I might just use distilled water. From what I’ve heard it’s still pretty accurate and I’m not going to be getting any crazy sensitive fish or corals. What refractometer did you buy?
 
ChrissFishes01
  • #29
I have the ABI refractometer off Amazon. Cheap and generic, but good enough.

Distilled water is good enough as long as you're good at keeping your SG stable at 1.025. That way, if it's a little off in either direction, you'll still be within range. That said, if you mix your water at 1.025 (according to the refractometer) and it's actually mixing at 1.027 (according to a completely accurate one), as water evaporates it'll creep up. You'll see it at 1.027 and top off, but by then it'll be upwards of 1.029 (according to the accurate tool), which is gonna cause some stress.

Honestly, I'd just order the calibration fluid. Everyone's saving money right now (and trust me, I feel it) but getting your water mixed correctly is one of the first steps to a successful tank. Any shortcuts on that may not work too well - at least IMO.
 
jkkgron2
  • Thread Starter
  • #30
Could someone give me a link to a calibration fluid they recommended? I think I’ll get some, it sounds like it’s going to be safer that way.
 
Jesterrace
  • #31
Hi everyone!

As some of you may know, I’m going to get a saltwater tank and I plan on buying the fluval evo 13.5 gallon. It will not have a protein skimmer (from what I’ve read small tanks don’t need one) at the start but I may buy one later on. I plan on buying 5lbs real reef rock to help start the cycle and 8lbs dry rock. I’ll also be getting 20lbs of Caribsea live sand. At the beginning I won’t be making any modifications to the filter, but in the future I might.

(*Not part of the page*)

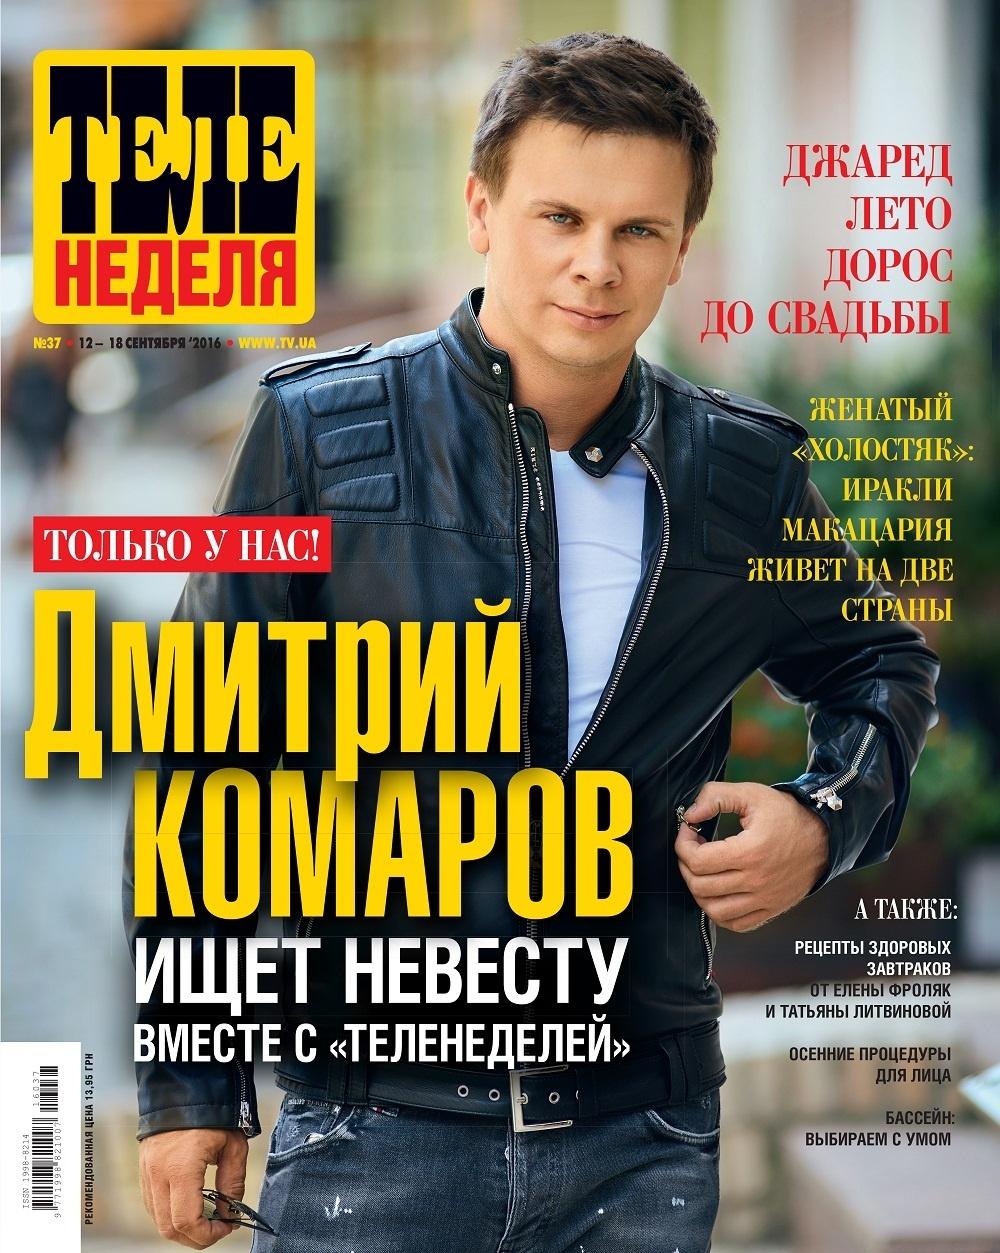 dmitriy-komarov-ishchet-nevestu-vmeste-s-telenedeley-1_01

Right now I need to decide what I’m going to put in the tank. I’m really interested in corals, but I doubt they’re a good option for my first saltwater tank. I’m basically looking for the most hardy fish or inverts to put in the tank. So far I’m thinking of getting a pair of clownfish. Although, I would start out with one just to get the hang of things. I’m not really sure what else to add to the tank. Are there Any corals I could add? Or inverts? I’d prefer to add them a few weeks after adding the clown, but I understand that corals and some inverts can be very sensitive to new tanks.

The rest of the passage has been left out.